**EXERCISE GOAL**. Look below for the line with "T-REX Grilles - Nissan"; begin the copy there and stop after the line with "Su último día, de Shari Lapena", keeping the text exact and the pictures out.

**DATA**.
%%
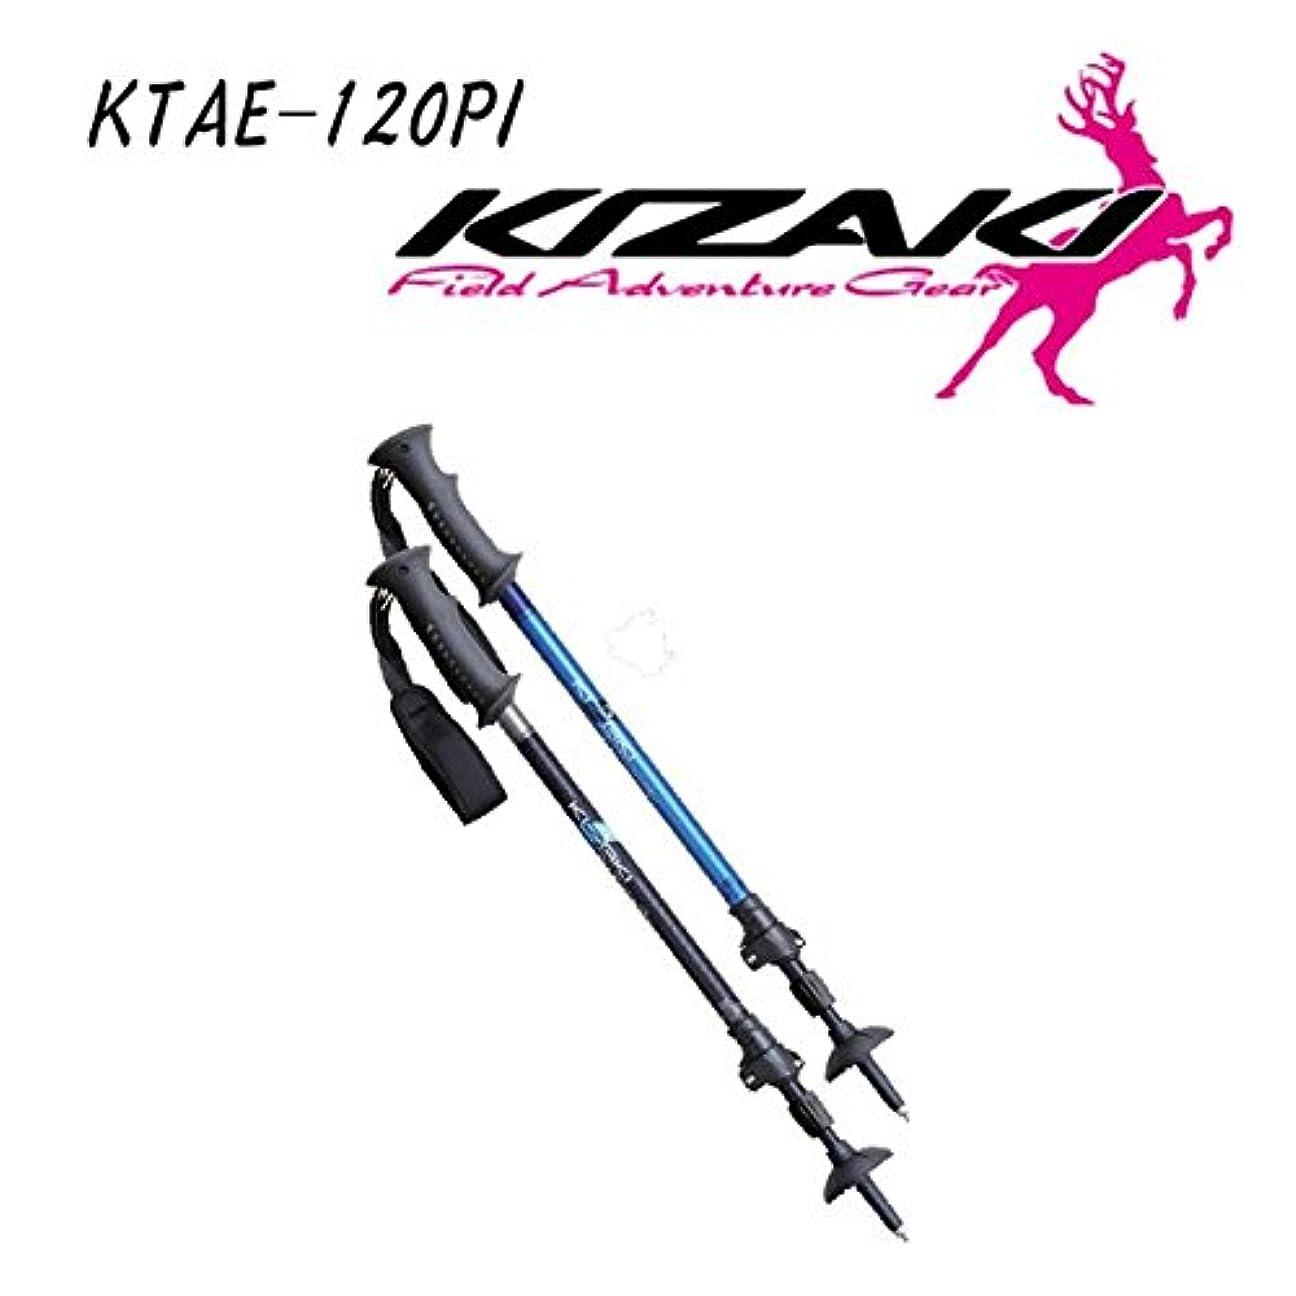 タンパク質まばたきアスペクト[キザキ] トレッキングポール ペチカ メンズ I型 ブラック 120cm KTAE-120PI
%%
%%
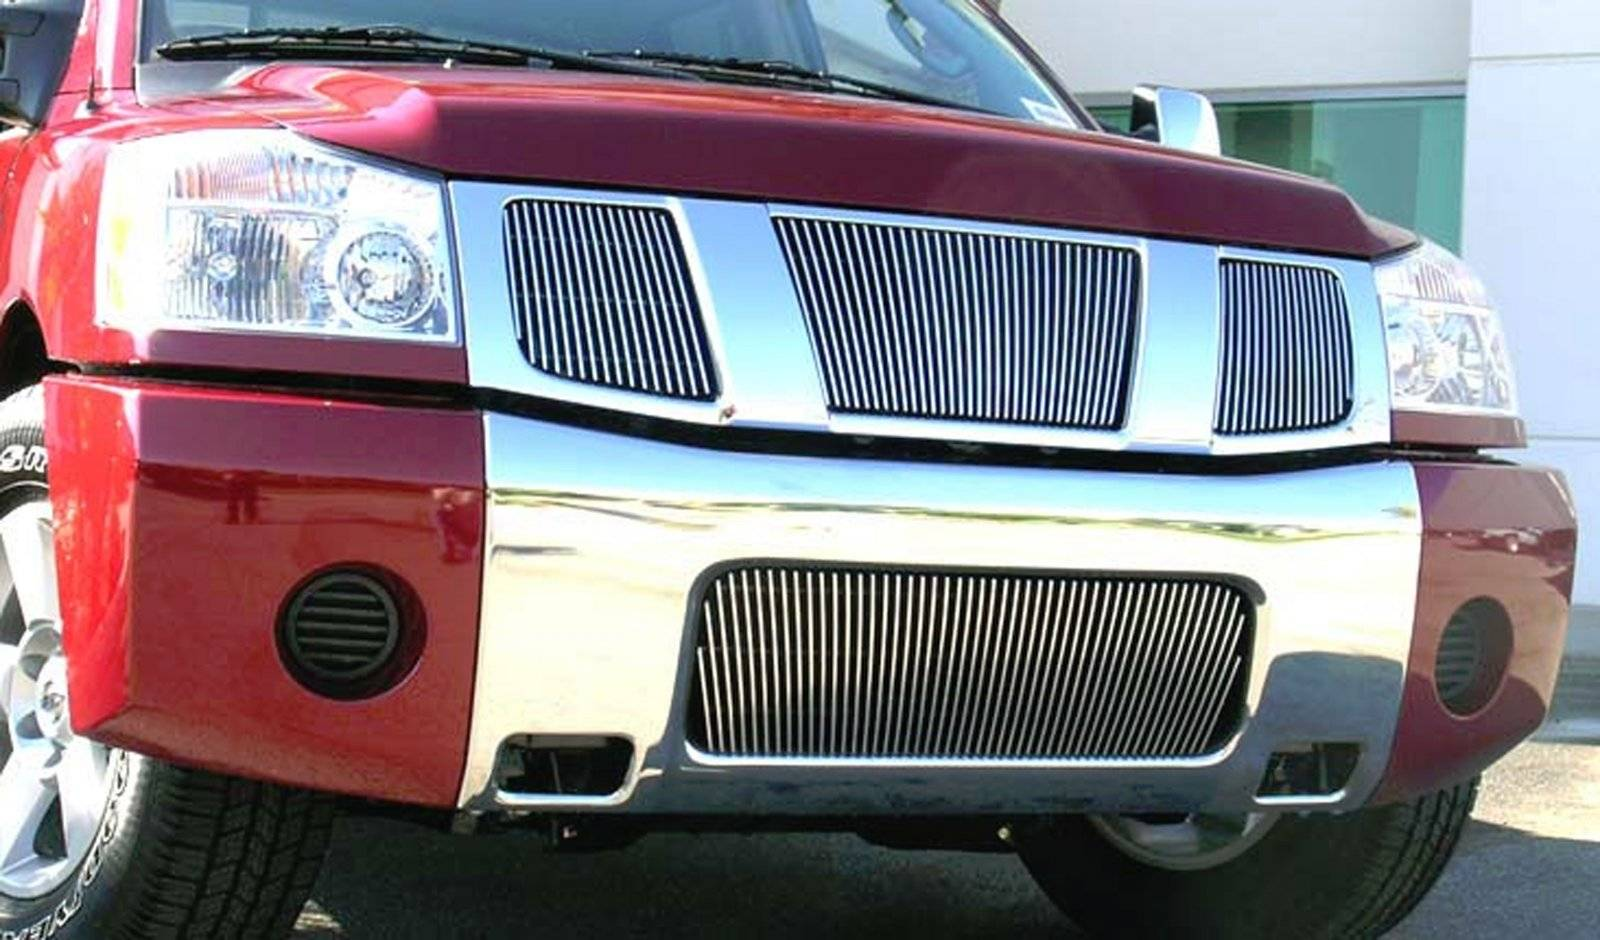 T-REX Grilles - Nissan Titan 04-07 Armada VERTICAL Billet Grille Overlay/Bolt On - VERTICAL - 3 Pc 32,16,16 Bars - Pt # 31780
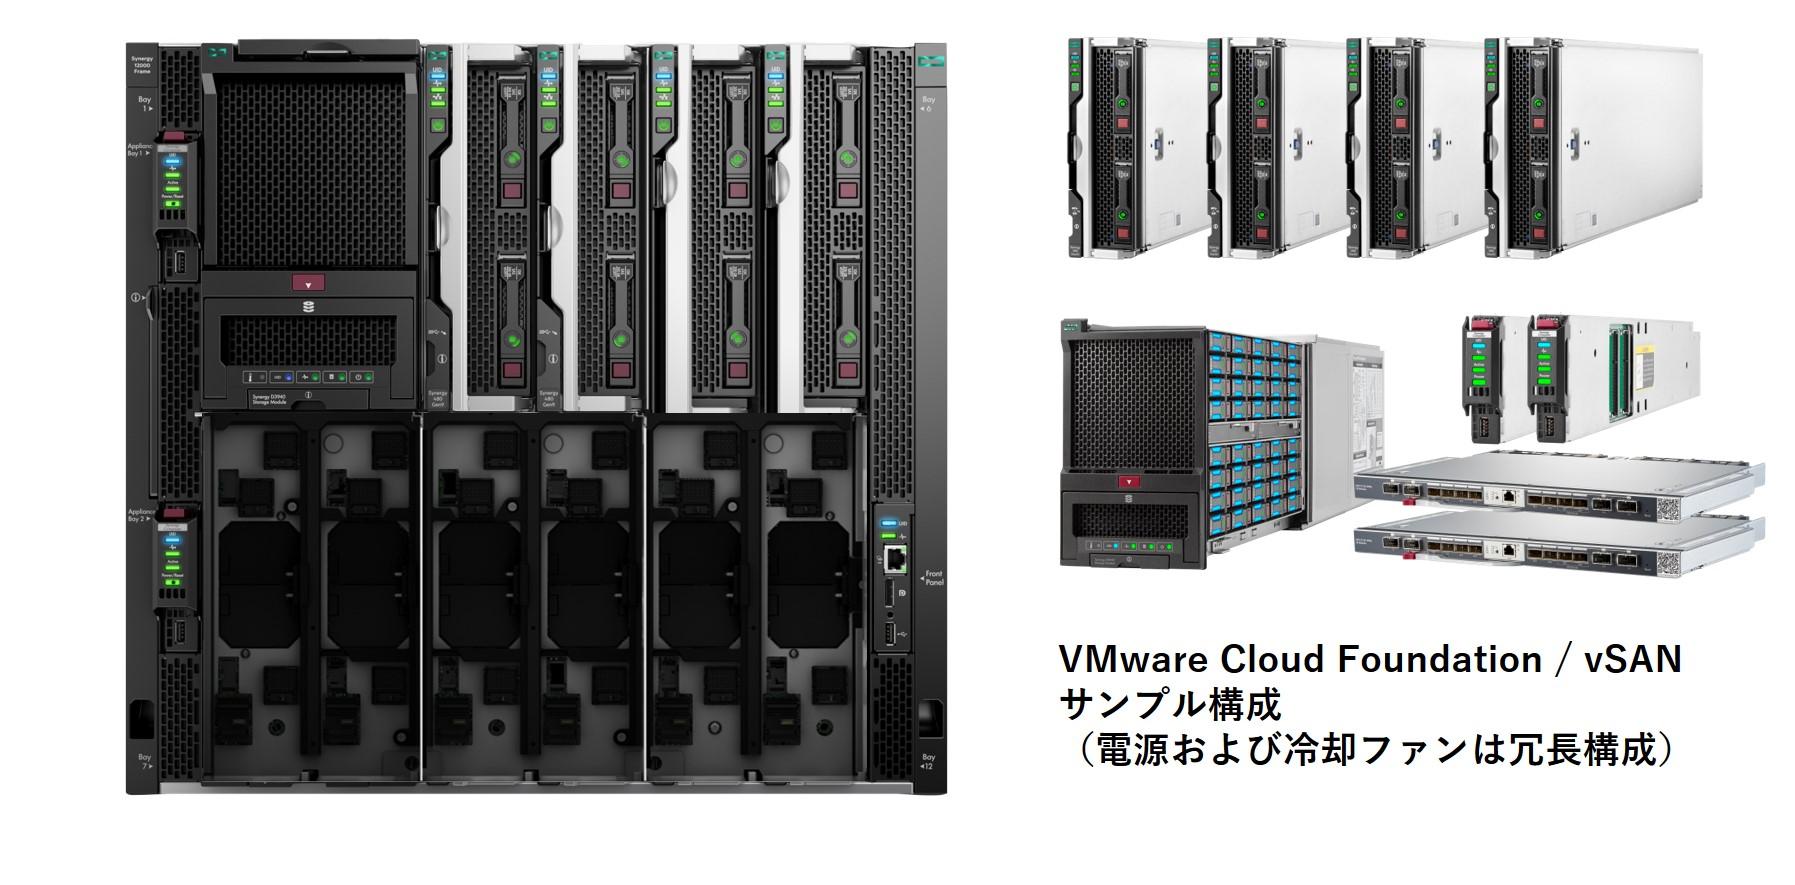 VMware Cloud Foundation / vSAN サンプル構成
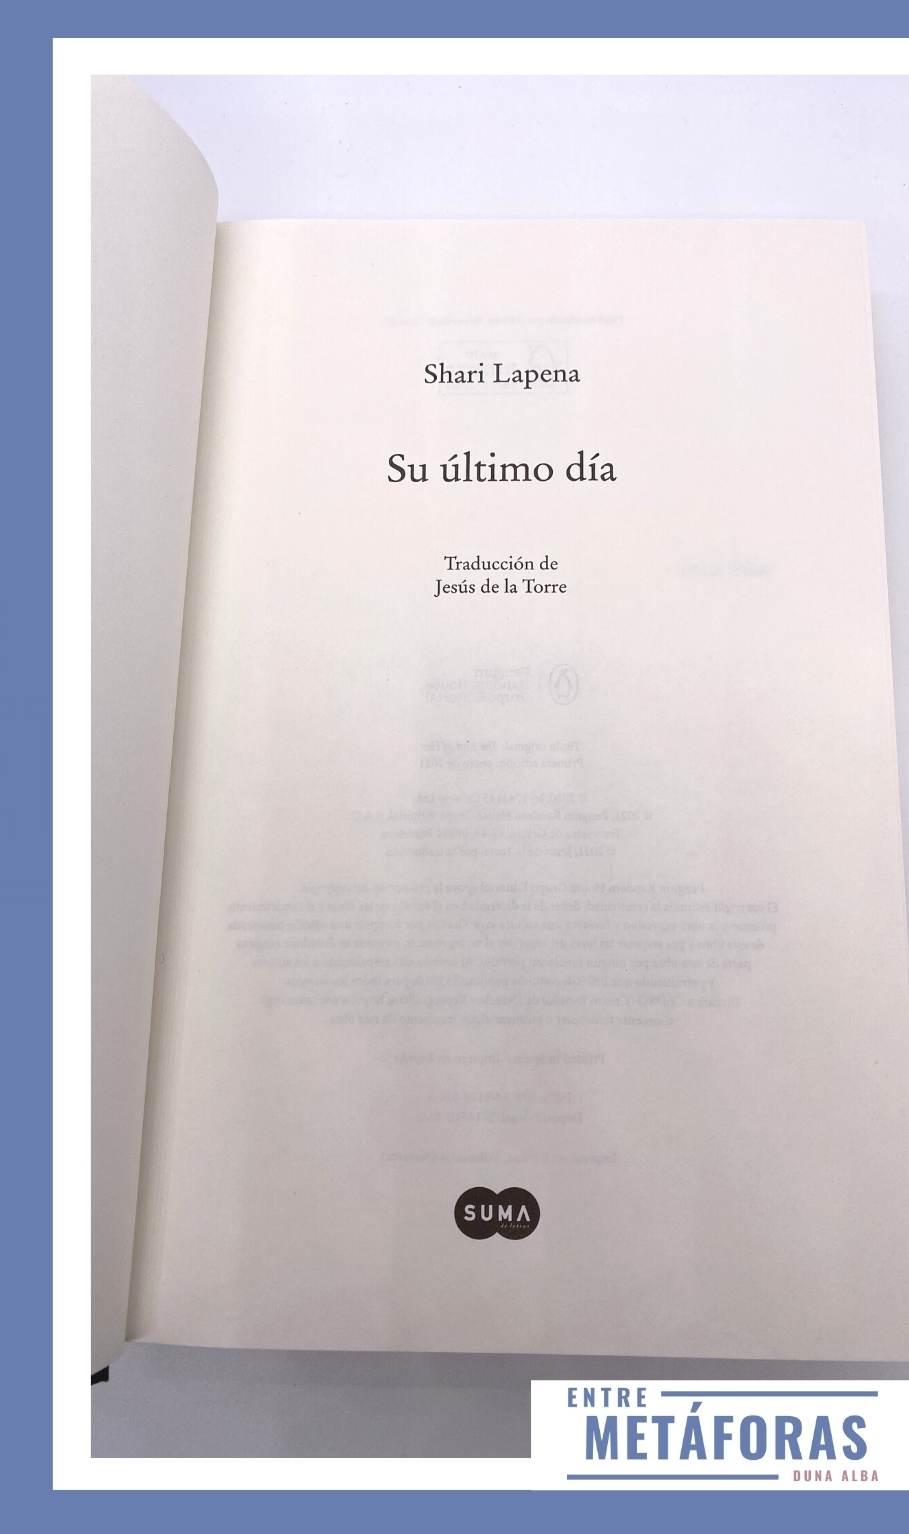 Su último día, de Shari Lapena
%%
%%
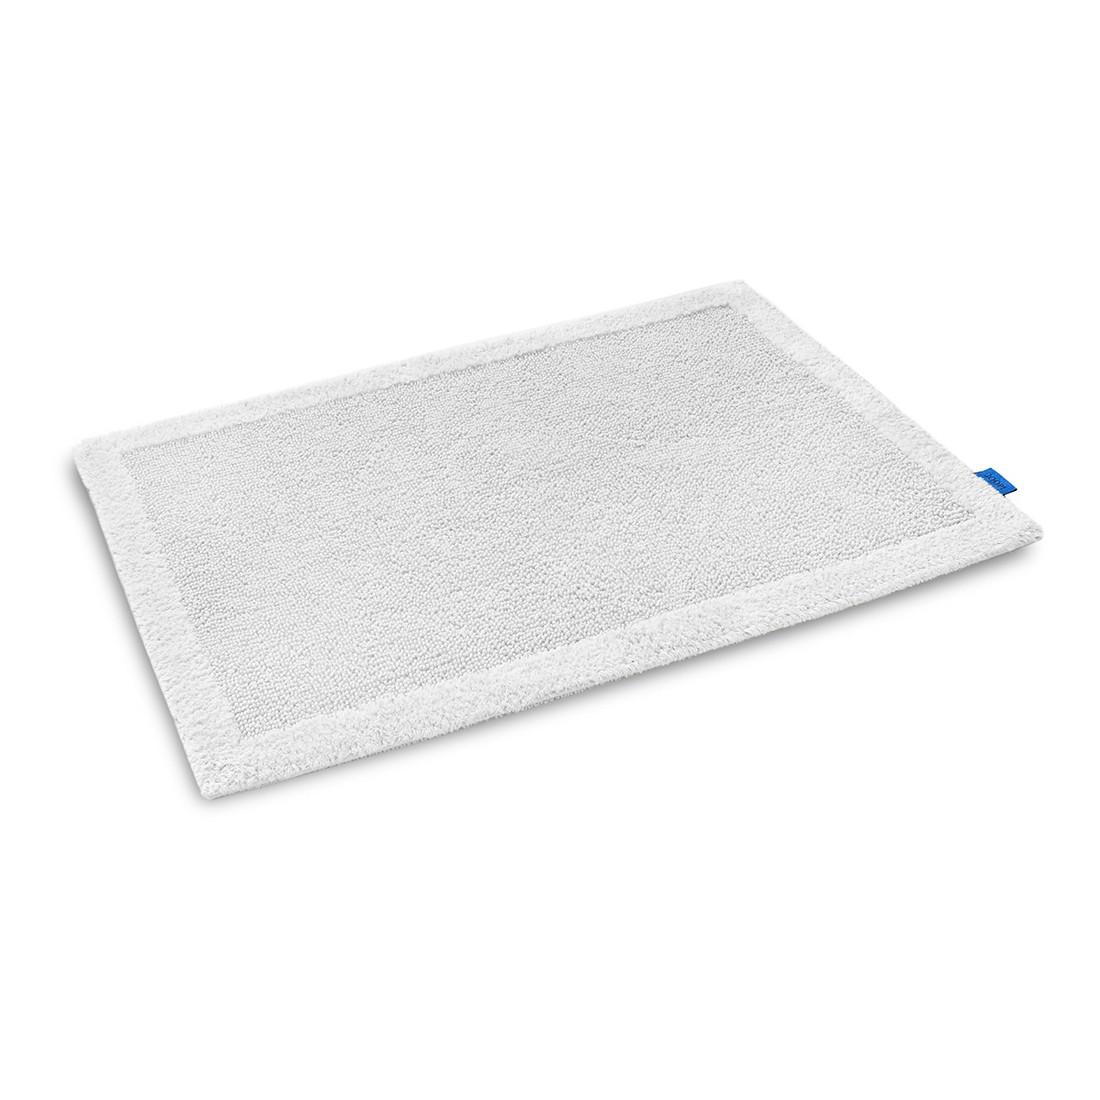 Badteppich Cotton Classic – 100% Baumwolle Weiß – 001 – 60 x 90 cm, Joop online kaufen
%%
**OUTPUT FOR THIS TASK**.
 T-REX Grilles - Nissan Titan 04-07 Armada VERTICAL Billet Grille Overlay/Bolt On - VERTICAL - 3 Pc 32,16,16 Bars - Pt # 31780
 VMware Cloud Foundation / vSAN サンプル構成
 Su último día, de Shari Lapena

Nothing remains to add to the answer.